Les mesures spécifiques :[64] [4, 11, 65]

• Thérapie hémostatique :

 Cas des patients sous anticoagulant (AVK) : la correction des troubles hémostatiques se base sur plusieurs molécules. Selon les recommandations actuelles, l’administration intraveineuse de 25U/Kg du concentré de complexe prothrombinique (PPSB) associé, 30 minutes après contrôle de l’International Normalized Ratio (INR) à 10 mg de vitamine K est consensuelle. Si l’INR reste supérieur 1,5, une deuxième dose sera administrée [4]. L’intérêt se voit beaucoup plus pour les patients candidats à la chirurgie.
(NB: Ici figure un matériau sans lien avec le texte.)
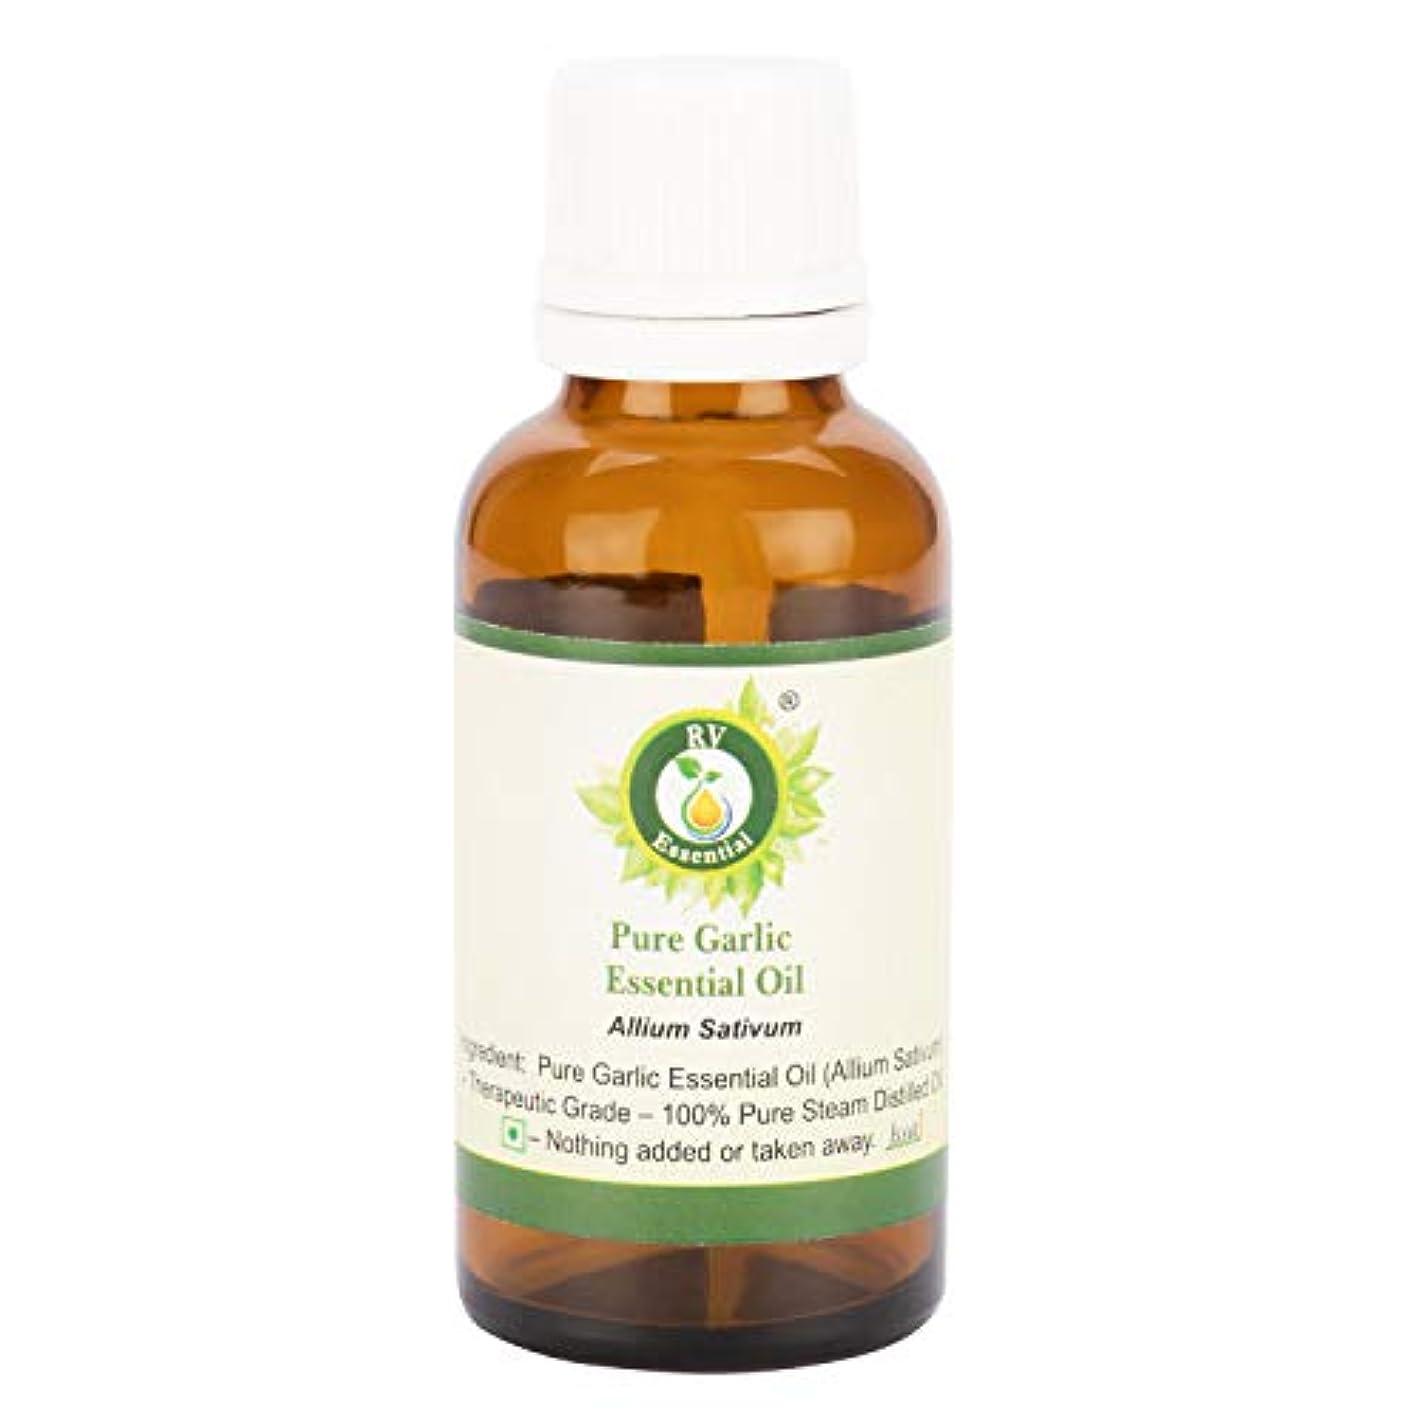 証明するスカリー問い合わせピュアニンニクエッセンシャルオイル100ml (3.38oz)- Allium Sativum (100%純粋&天然スチームDistilled) Pure Garlic Essential Oil

 Hématomes de survenue sous héparine : ce qui est recommandé, c’est d’administrer 1 mg de sulfate de protamine par voie intraveineuse pour 100U d’héparine ; avec un rythme de 5mg par minute sans dépasser 50mg sous peine d’hypotension artérielle.

 Hématome sous antiagrégant plaquettaire (AAP): la perfusion plaquettaire est recommandée si une chirurgie est programmée, afin d’éviter tout risque hémorragique per opératoire.

 L’utilisation de facteur VII recombinant (rFVIIa) : son efficacité selon un essai clinique et une méta-analyse. Mais ceci au prix d’une augmentation significative de complications thromboemboliques et, il n’a pas vraiment un bénéfice net. Actuellement, son utilisation ne fait pas l’objet d’une recommandation consensuelle.

 Dans l’avenir, le Sulforaphane, un agoniste de Nrf2 pourrait être utilisé dans la prise en charge des HIS primaires.[36]